Yes, we can. But it’s not what O’Reilly wants us to see. For one thing, you’ll notice that O’Reilly never said that Republicans were not masterminding the soldiers – who have turned into such regular visitors to Fox, I almost expect a new show to feature them.
But more importantly, let’s look at that New York Times article. It says the unit struggled with a lot more than a dress code:
The platoon was sent to a remote location with too few troops to seriously confront an increasingly aggressive insurgency, which controlled many villages in the region. The riverbeds they used as roads were often mined with improvised explosive devices, or I.E.D.s; simply getting supplies or traveling back to their home operating base could be a nerve-racking ordeal.
American combat fatalities in Afghanistan in 2009, the year the Second Platoon arrived, would double from the year before. By year’s end, President Obama would tear up the military strategy that had spread American troops thin across the rugged country and order a major surge of troops.
As for the attire, it caused problems for the unit:
Their platoon commander, who some described as less than inspiring, was relieved weeks into the deployment, replaced by the platoon’s sergeant first class, who was popular and respected by the troops. Then, a few months later, the sergeant found himself in trouble after pictures appeared online showing some in the platoon wearing bandannas and cutoff T-shirts. Such garb was not uncommon at remote combat outposts, but it angered and embarrassed commanders, and it helped lead to the sergeant’s dismissal soon after Sergeant Bergdahl disappeared.
I don’t know about you but to me the Times sounds sympathetic to the platoon and not “denigrating,” as O’Reilly characterized it.
Now that O’Reilly “proved” that it was the rest of the media at fault, he went on a tear of propaganda of his own.
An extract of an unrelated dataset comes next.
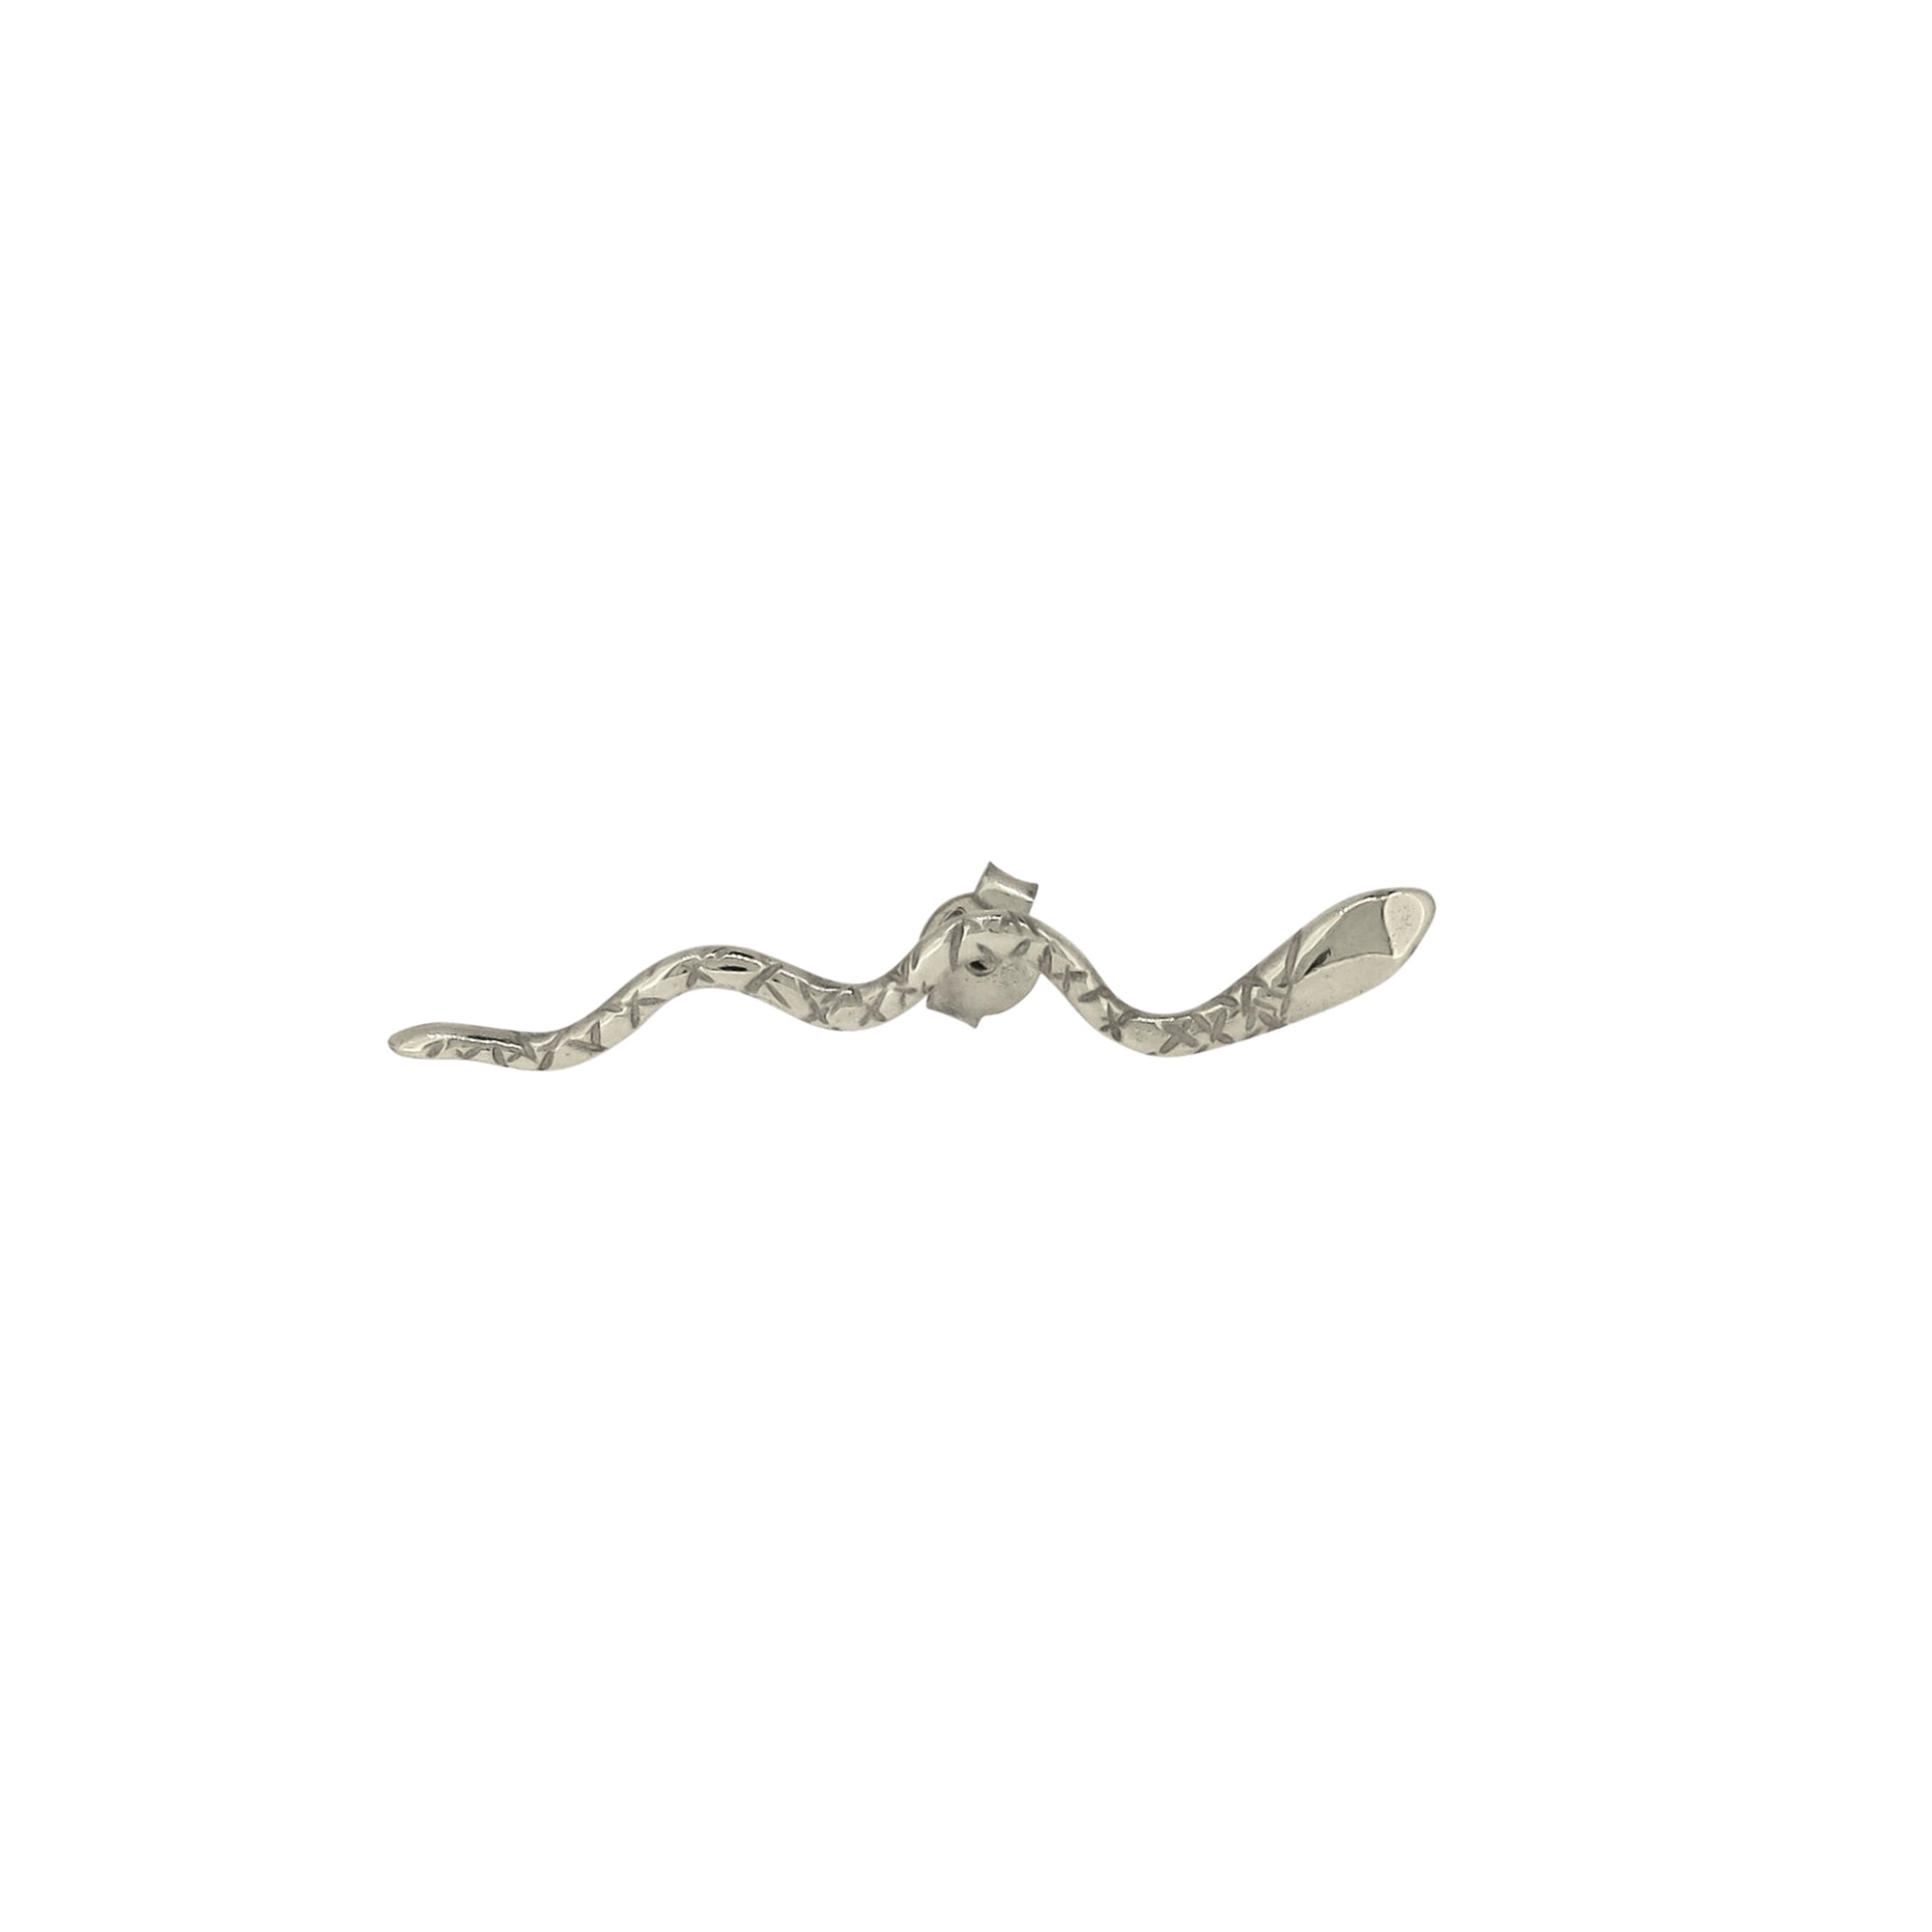 The Serpent Stud Earring Silver - Serpent & the Swan

First, he said:
There’s no question that the release of five Taliban commanders will have an effect on the entire world. … The Taliban is a threat to the world make no mistake about that That’s why this story is so important.
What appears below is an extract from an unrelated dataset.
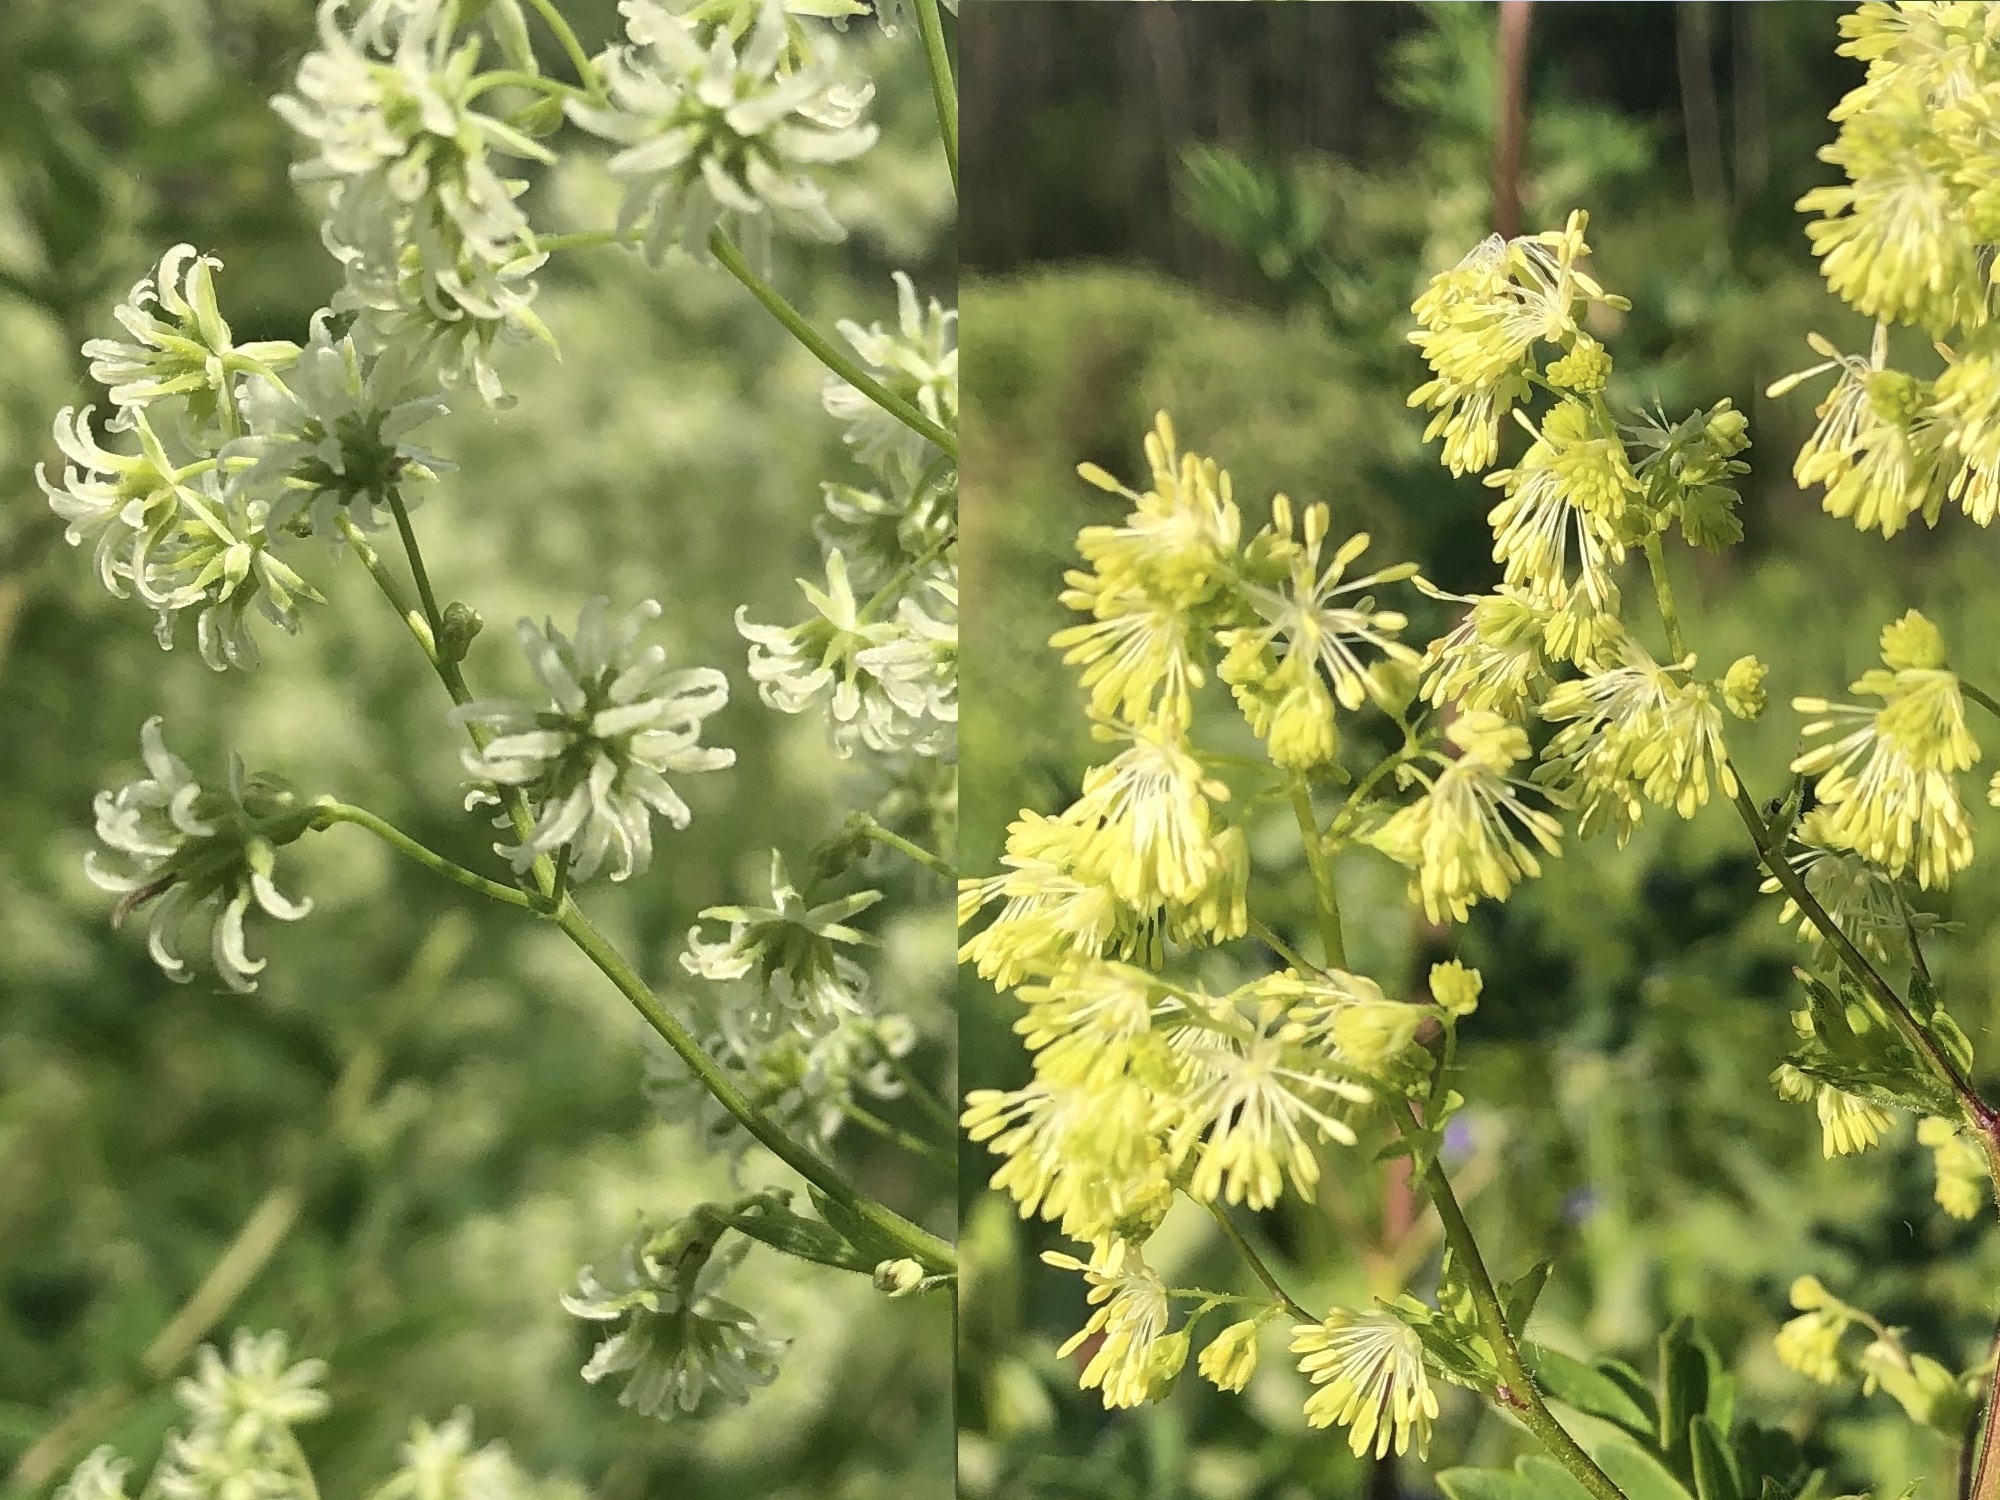 Tall Meadow-rue female and male flower comparison.

O’Reilly might genuinely believe the Taliban is a threat to the world but he conveniently forgot to describe what kind of threat he thinks they are. As Rolling Stone reported (but “fair and balanced” O’Reilly did not): “The Taliban is primarily a local political and military organization, and has demonstrated little or no interest in attacking U.S. citizens on U.S. soil.” They are not only not Al Qaeda but, according to Rolling Stone, the Taliban is not even listed as a Foreign Terrorist Organization by the U.S. State Department. I’ve never heard a peep of complaint about that on Fox in all these years. Have you?
Next, O’Reilly tossed out the need for a military investigation or court-martial. Earlier, O’Reilly announced, ”Talking points is not jumping to any conclusions.” But now he declared that Bergdahl “is a deserter.”
In the second video below, O'Reilly battled Juan Williams over the "corrupt media."
Maybe O’Reilly persuaded his geriatric viewers that he’s really looking out for them here. But I’ll bet anyone who isn’t half-blind can see very clearly what he’s really up to.